X L M Roberta Large Vit B 16 Plus
immich-appIntroduction
The repository provides ONNX exports for the multilingual CLIP model, M-CLIP/XLM-Roberta-Large-Vit-B-16Plus
. This model separates visual and textual encoders to generate image and text embeddings and is intended for use with Immich, a self-hosted photo library application.
Architecture
The model architecture leverages the XLM-Roberta-Large transformer for language understanding alongside a ViT-B-16Plus visual transformer. These components are integrated to perform multilingual image-text matching by generating embeddings separately for images and text.
Training
The training process utilizes both the visual and textual encoders to create embeddings. These embeddings can then be used in downstream tasks, such as image retrieval or captioning, within the context of a multilingual environment.
Guide: Running Locally
- Clone the Repository: Clone the model repository from Hugging Face.
- Install Dependencies: Ensure that ONNX and other necessary libraries are installed in your environment.
- Download Model Files: Download the ONNX model files for both the visual and textual encoders.

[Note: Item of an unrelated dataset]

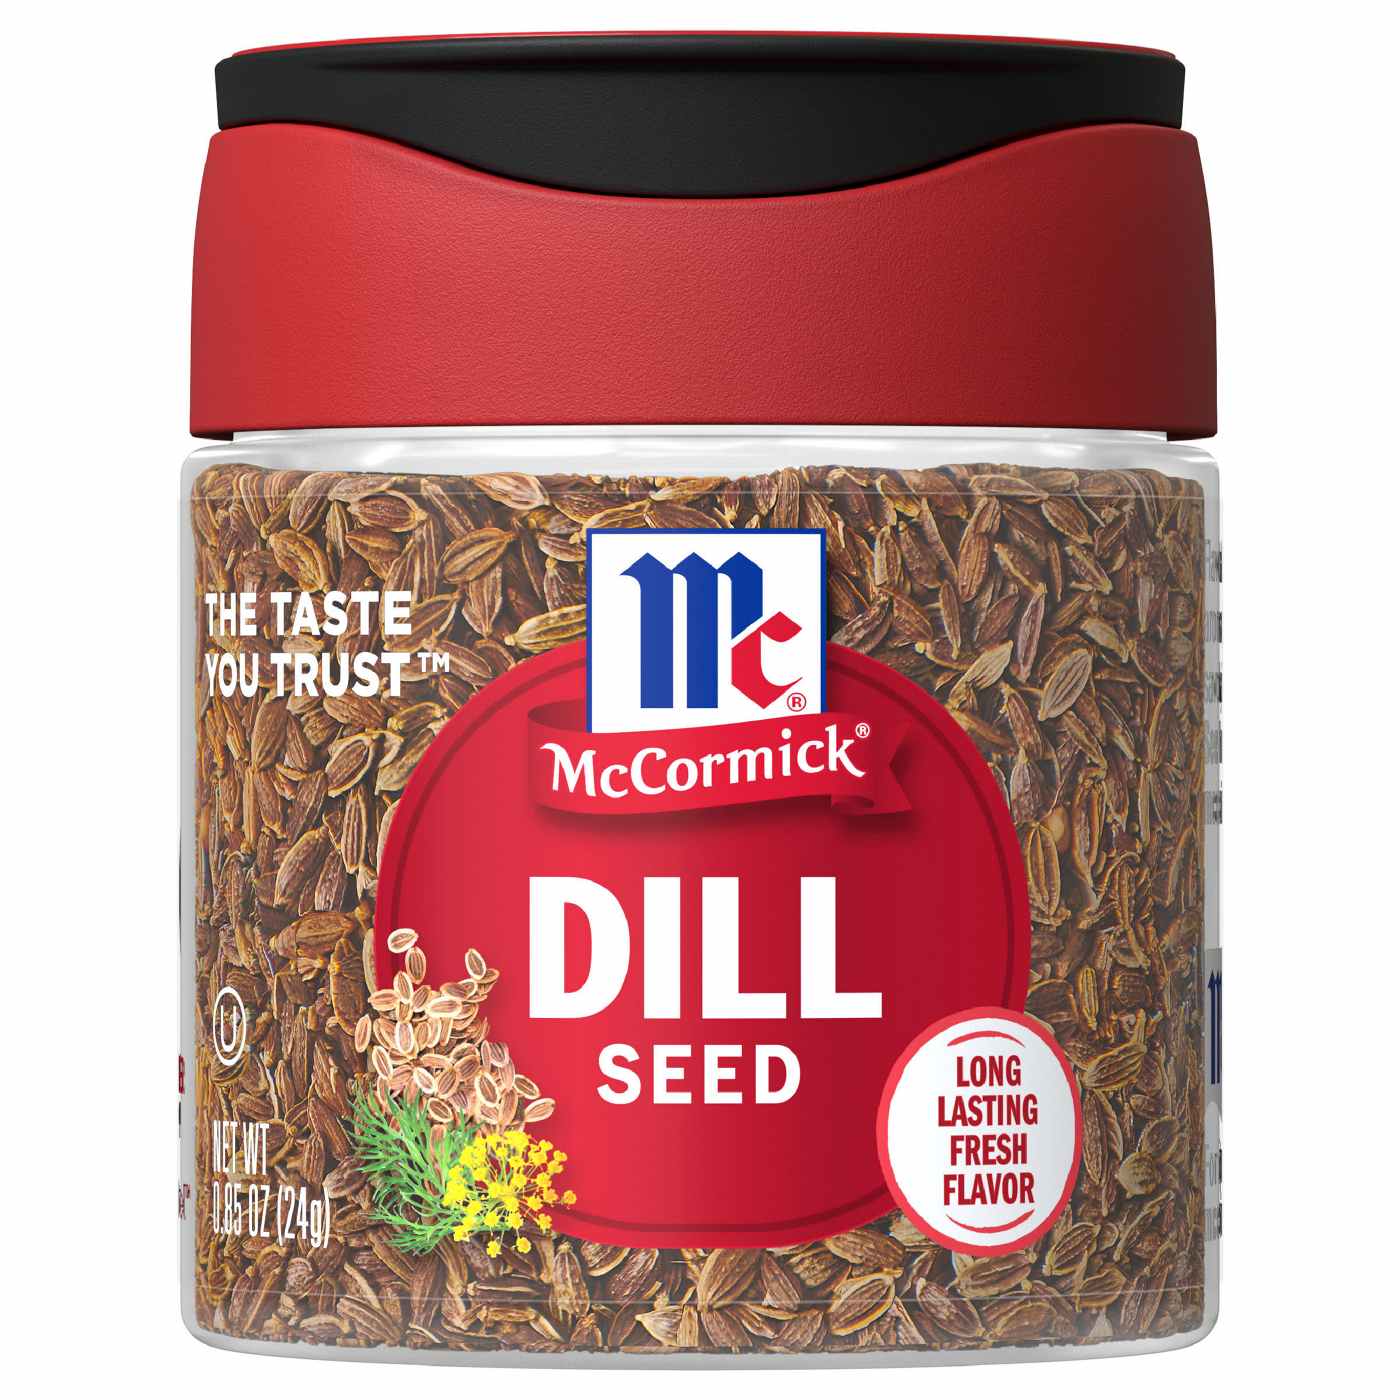 McCormick Dill Seed; image 1 of 8

- Set Up Environment: Configure your environment to use the model with the Immich application.
- Inference: Run inference using the model to generate embeddings for your dataset.
Cloud GPUs: Utilize cloud GPU services like AWS, Google Cloud, or Azure for efficient model inference, especially when processing large datasets.
License
The project follows the licensing terms provided in the Hugging Face repository. Users should ensure compliance with these terms when using the model in their applications.